Вся необъятная империя коченела и немела от чудовищного политического мороза, что вот уже двадцать шесть лет висел и космато ворочался над ее просторами. Каждый, кто пытался дохнуть полной грудью, отмораживал легкие.

Говорить разрешалось только ложь, любить — только православие да императора, ненавидеть — только вольнодумцев (которых никто не видел, так их было мало).

Литература держалась на каком-то десятке смельчаков, которых гнали и распинали все, начиная от всероссийского квартального и кончая квартальным обычным. Да и смельчаки говорили чаще всего приглушенным голосом, потому что на каждого относительно честного было по двадцать цепных псов, способных на все.

Большинство не выдерживало и, сказав смелое слово, сразу начинало шаркать ногой и просить извинения, пугаться своих прошлых убеждений. «Мертвые души» назвали «трижды ложью, поклепом на российскую действительность и опорочиванием основ».

Великие завоевания человечества империя объявила вздором, правду — злостным подкопом, инакомыслящих — преступниками, которые не хотят величия отечества.

Бог был похож на будочника, а будочники — на разбойников.

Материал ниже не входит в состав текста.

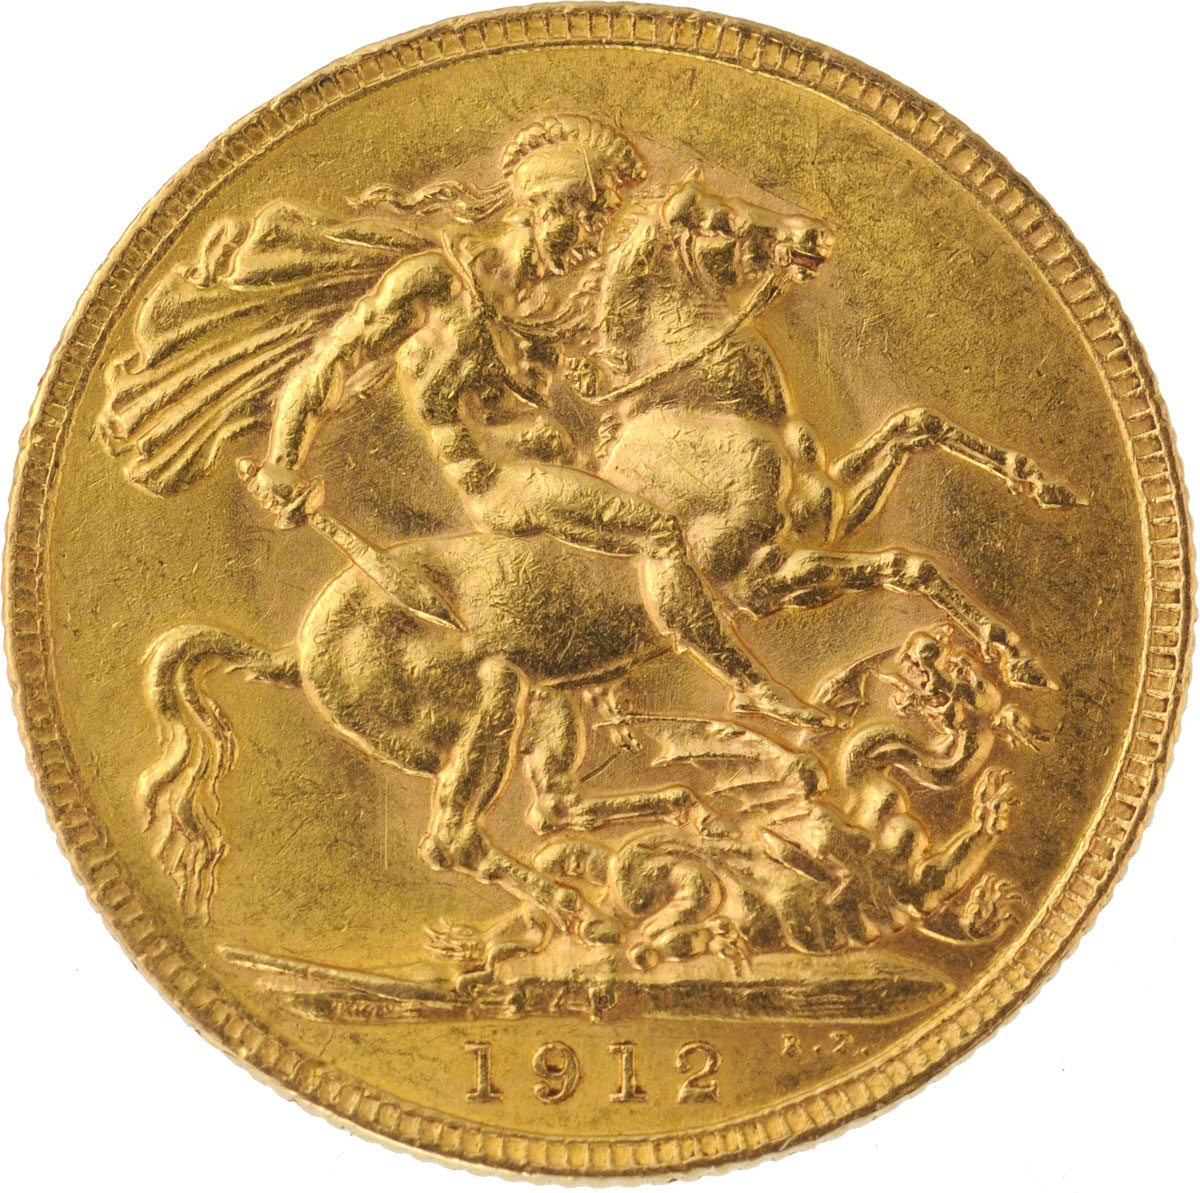 1912 Γεώργιος Ε’ (Νομισματοκοπείο Περθ)

Шпицрутены и полосатые будки стали символом.

Счастливых не было.

Все приносилось в жертву идолу государственной мощи.

И потому Алесь, который до этого жил в ином мире, особенно болезненно воспринял гимназическую обстановку. Тесно, удушливо, убого по мысли, ограниченные учителя.

В здании длинные мрачные коридоры со сводчатыми потолками. Полы коридоров и ступеньки лестниц выложены чугунными плитами. Плиты отполированы до блеска в середине, а у стен черные, матовые.

Звенит звонок. Выйдешь в коридор, и за единственным окном не Днепр, а казенные городские стены, выкрашенные в одинаковый «иерусалимский», а попросту, по-малярски, в желтый цвет.

Весь город напоминает казарму или больницу. И от этой казарменно-больничной действительности хоть ты волком вой.

Он хотел было попросить родителей забрать его отсюда, отправить в другое место или за границу.

Туда пускали неохотно, но Вежа мог бы добиться разрешения.

Поначалу этому помешала гордость. А потом он даже радовался, что не убежал. Потому что Мстислав привел к нему друзей — Петрака Ясюкевича, Всеслава Гриму и Матея Бискуповича, сына того пана Януша, с которым Загорские ездили на Кроеровы «похороны». Матей похож на отца как две капли воды. Ясюкевич красив, как девочка: большеглазый, волосы словно золотая паутина. А Грима просто увалень, но самый умный из всей компании. Это было видно хотя бы по тому, что голова у него была огромная и вся шишковатая — «ум вылезал наверх».

Месяца три они присматривались к Алесю, а потом Грима зашел к нему и сказал, что они хотят организовать сообщество и предлагают Алесю стать их товарищем, если он того пожелает.

Алесь согласился, и они торжественно приняли его пятым членом в «Братство чертополоха и шиповника». Члены его читали запрещенное и спорили до пены на губах. И все это было интересно, потому что Грима доставал где-то такие книги, сам вид которых дышал запретом и опасностью. Доставал чаще всего на одну ночь, поэтому читали вслух и спорили до позднего зимнего рассвета. Это было удобно делать на квартире у Загорских или в небольшой комнатушке Гримы, где он жил один.